The fact that Trac is so tightly integrated with our subversion use of Subversion is a huge frustration (I don't know enough about the internals of Trac to know if this is our fault or theirs). I'd love to find a better way of dealing with this and I'd be ecstatic to see some strategy for decoupling the two. Unfortunately, it's not going to happen.

There are some great benefits of working with larger organizations, but this ain't one of them.


how?

schelcj on 2009-06-22T12:32:43

how does switching to git from subversion fix this problem? it seems you brute forced a fix rather than finding the root cause.

Re:how?

Ovid on 2009-06-22T13:14:52

These are the sorts of problems we constantly run into with Subversion and trying to narrow down the root causes often involves something along the lines of "subversion is very picky about how you do things and throws a hissy fit when you don't play along." Sometimes it's been a matter of updating subversion, other times it's a bunch of developers throwing up their arms in dismay and giving up finding the actual problem (such as debugging a complicated branch merge which has, once again, gone awry).
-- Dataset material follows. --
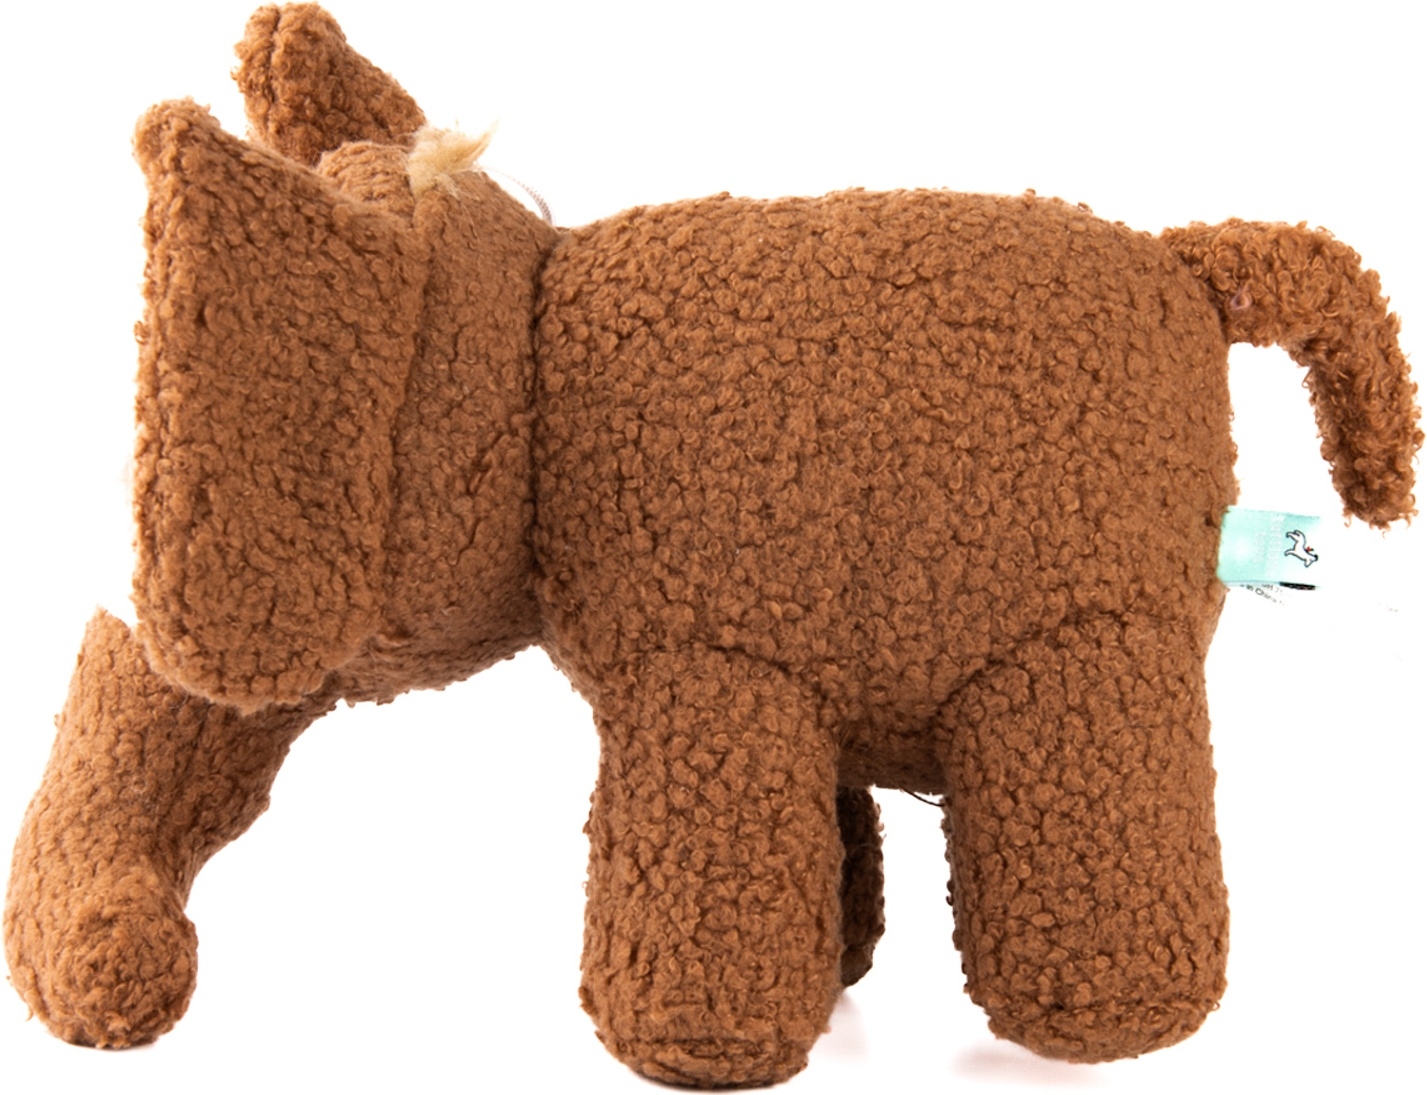 Игрушка для собак TUFFLOVE Мамонт 27 см коричневый (WB24291-VA) - Фото 4

If this wasn't a frequent problem, we'd probably dig heavier. As it is, we've grown used to subversion problems and we've sort of "given up" on making it do what we want.

With git, I've never had any issues like this. I've not once been bitten by git getting confused over what I've done and this has been the experience of other developers I've chatted with. When you add in all of the benefits of git over subversion, trying to repeatedly debug the root causes of bugs in an inferior technology technology doesn't seem worth the trouble.

Re:how?

Aristotle on 2009-06-22T13:41:34

The thing with git is, at its core lies a very simple and easily understandable data model. Once you understand how that works and how git puts it to work, it’s basically impossible to dig yourself into a hole you can’t get out of.
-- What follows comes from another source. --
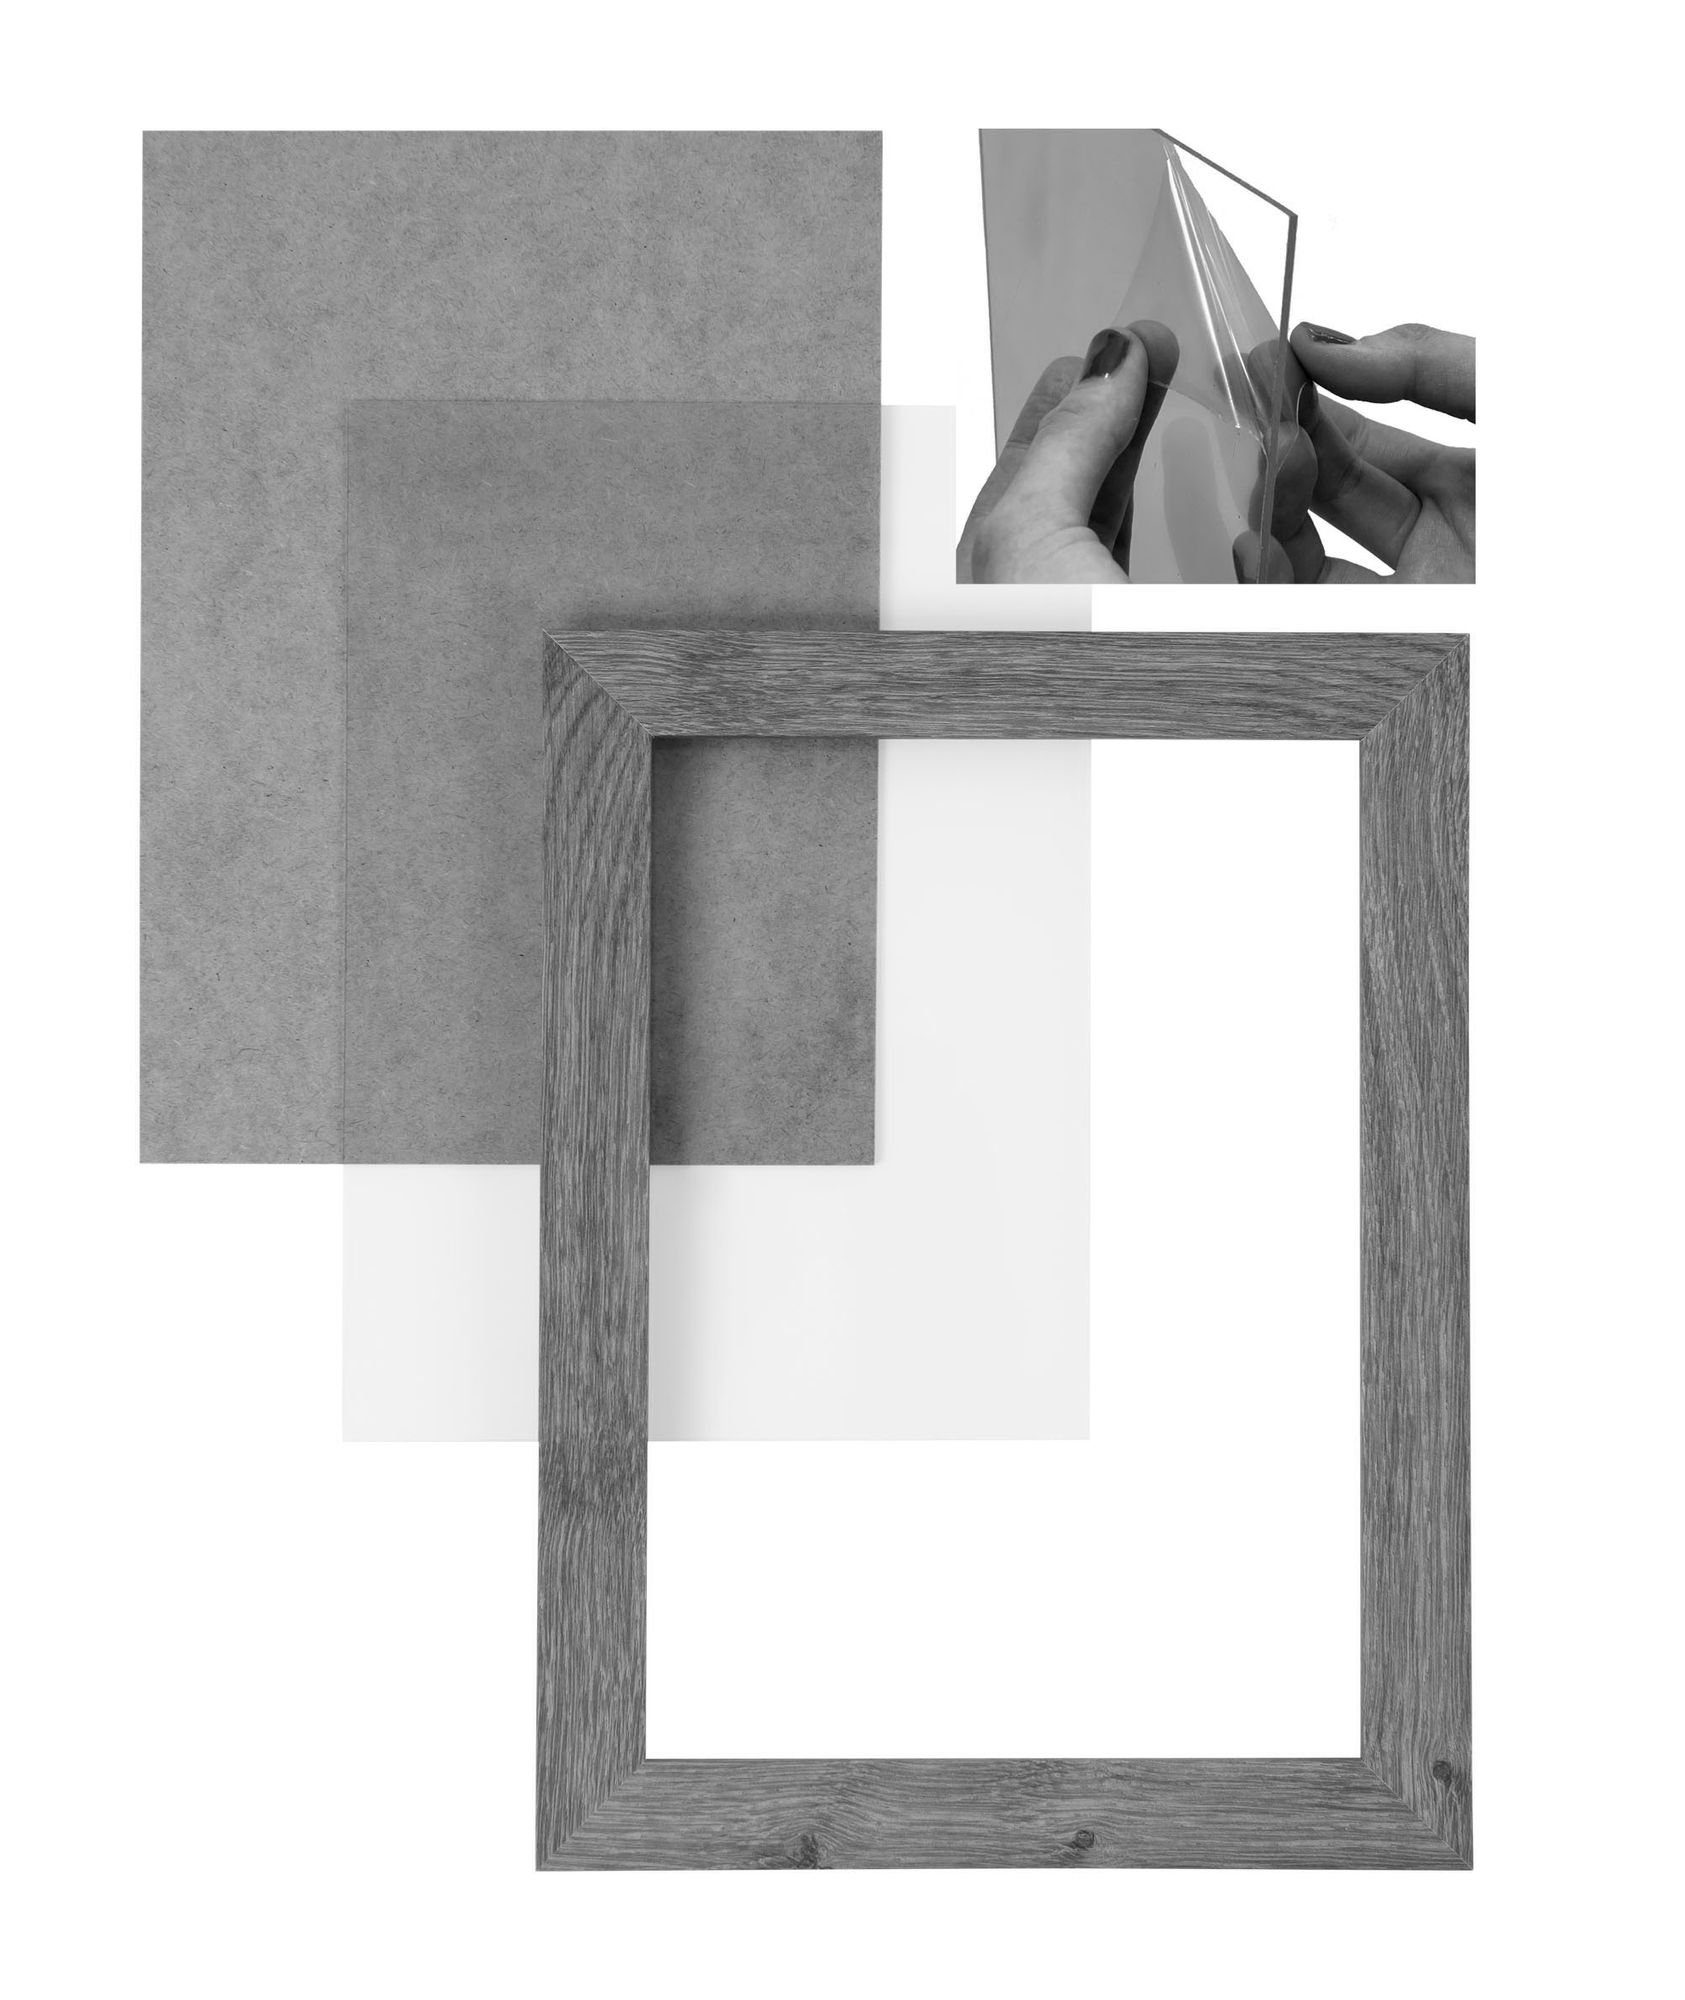 80x90 Rückwand handgefertigt CLAMARO Clamaro nach MDF 'Collage' Bilderrahmen sonama Maß FSC® Bilderrahmen Acrylglas, eckiger und inkl. Aufhänger in eiche Holz Moderner Rahmen

With Subversion, the internals are a morass of complexity. I wrote a few scripts in my time, eg. to undo broken commits immediately after they were made, but they were trivial in their effects and still involved a lot of cargo cult because the Subversion data model is just such a hairy construction.

With git, I’ve done a bunch of pretty complicated ad hoc munge/extract jobs far beyond anything I’d’ve dared to do with Subversion – and it was easy to build them and easy to make them work right, working from first principles. In some cases I later ran across articles and posts explaining better ways of doing what I did; but I got the job done anyway, if badly – manipulexity and whipuptitude. And when I found out about better ways, I could immediately see why they were better.

I feel confident with git in a way that was unthinkable with Subversion. Sometimes it isn’t as much help as I might like, but I never feel I have to fight it.

Re:how?

schelcj on 2009-06-22T16:00:24

i think my problem is that i shouldn't have to dig into the internals of the scm regardless how easy/hard it is. if i do then either i did something wrong or the scm did. more often then not i would assume it was me that screwed up.

Re:how?

Aristotle on 2009-06-22T16:24:32

i shouldn’t have to dig into the internals of the scm

I spent 5 minutes trying to figure out how to phrase my sentiment about this. In the end, the best I can do is this: I prefer Unix over Windows.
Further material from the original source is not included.